Arcos
La única religión que no tiene ateos
Eduardo Galeano tenía que ser uruguayo. No se entiende de otra manera. Para los orientales el fútbol es parte de su cultura, de su esencia, su forma de vivir y de ser. Para ellos, que no pretenden ser jaguares ni sofisticados, correr detrás de una pelota tiene tanta validez como trabajar detrás de un escritorio o ubicar los ojos sobre la página de un libro. Por eso tantos intelectuales uruguayos están lejos de desterrar el balompié de sus crónicas y pensamientos. Al contrario, lo enaltecen y se nutren de la sabiduría que sólo te entregan una cancha, una cancha de tierra y pobre, como también una cancha en el estadio más lujoso.
Dijo Galeano que en la vida "un hombre puede cambiar de mujer, de partido político o de religión, pero no puede cambiar de equipo de fútbol". Dijo que a medida que el deporte se ha hecho industria, "ha ido desterrando la belleza que nace de la alegría de jugar porque sí. En este mundo del fin de siglo, el fútbol profesional condena lo que es inútil, y es inútil lo que no es rentable". Dijo que el juego "se ha convertido en espectáculo, con pocos protagonistas y muchos espectadores. Fútbol para mirar. Y el espectáculo se ha convertido en uno de los negocios más lucrativos del mundo, que no se organiza para jugar sino para impedir que se juegue".

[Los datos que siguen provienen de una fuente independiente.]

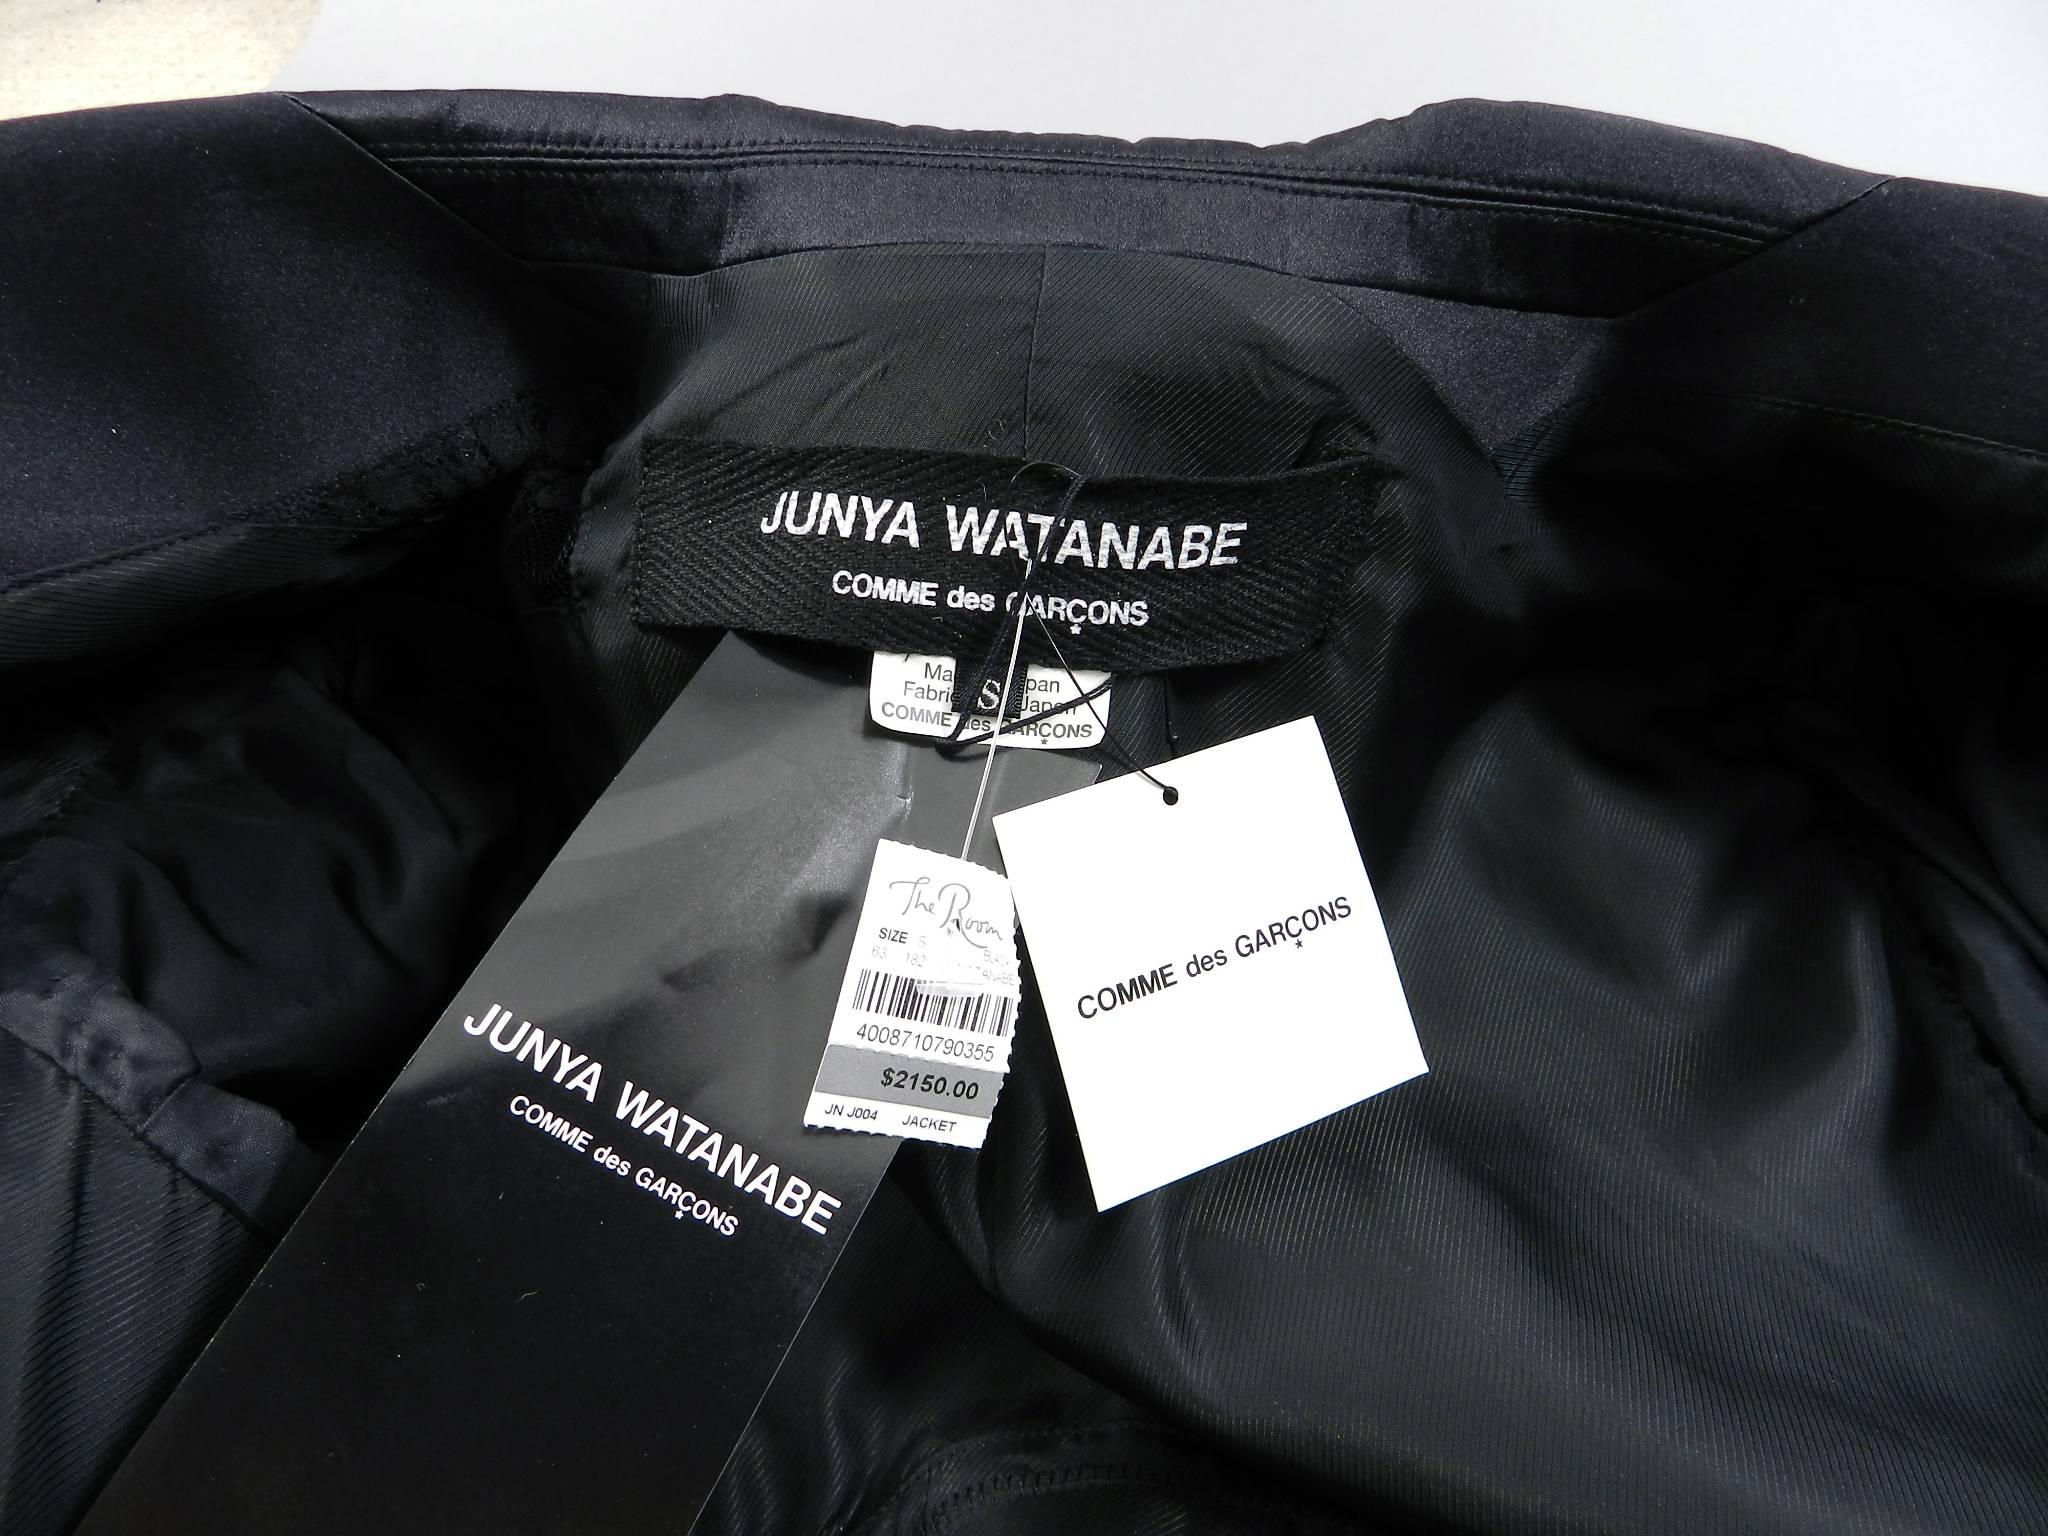 Junya Watanabe Comme Des Garcons Fall 2014 Patchwork Jacket 2

A Galeano le gustaban los pichangueros. A algunos aún nos gustan los de esa raza. "Por suerte todavía aparece en las canchas, aunque sea muy de vez en cuando, algún descarado carasucia que se sale del libreto y comete el disparate de gambetear a todo el equipo rival, y al juez, y al público de las tribunas, por el puro goce del cuerpo que se lanza a la prohibida aventura de la libertad”.
Cuando veo en las canchas más grandes del mundo a futbolistas como Arturo Vidal, Alexis Sánchez o Gary Medel, recuerdo su sentencia. "El chico corre, jadeando, por la orilla. A un lado lo esperan los cielos de la gloria; al otro, los abismos de la ruina. El barrio lo envidia: el jugador profesional se ha salvado de la fábrica o de la oficina, le pagan por divertirse, se sacó la lotería. Los empresarios lo compran, lo venden, los prestan; y él se deja llevar a cambio de la promesa de más fama y dinero. Cuanto más éxito tiene, y más dinero gana, más preso está”.
Jorge Sampaoli pretende, como muchos técnicos, concentrar a la selección antes de la Copa América en Europa, lejos del ruido y las cámaras de tv. Mucho antes Galeano escribió "en las vísperas de los partidos importantes, al futbolista lo encierran en un campo de concentración donde cumple trabajos forzados, come comidas bobas, se emborracha con agua y duerme solo. En los otros oficios humanos, el ocaso llega con la vejez, pero el jugador de fútbol puede ser viejo a los treinta años”.
Es divertido cuando el hincha, furibundo, te argumenta que nunca jugaste a la pelota. Divertido, porque es algo que lejos de separarte, debería unirte. Amar el juego pese a no tener condiciones. Galeano quiso ser arquero. "El portero siempre tiene la culpa. Y si no la tiene, paga lo mismo. Cuando un jugador cualquiera comete un penal, el castigado es él: allí lo dejan, abandonado ante su verdugo, en la inmensidad de la valla vacía. Y cuando el equipo tiene una mala tarde, es él quien paga el pato, bajo una lluvia de pelotazos, expiando los pecados ajenos”.
Para entender el fútbol actual, el de laboratorio, de arcos cerrados y esquemas prusianos, podemos adaptar a Galeano. "El gol es el orgasmo del fútbol. Como el orgasmo, el gol es cada vez menos frecuente en la vida moderna. Hace medio siglo, era raro que un partido terminara sin goles: 0 a 0, dos bocas abiertas, dos bostezos. Ahora, los once jugadores se pasan todo el partido colgados del travesaño, dedicados a evitar los goles y sin tiempo para hacerlos”.
El fútbol es perfecto. Lo aprendí de Galeano.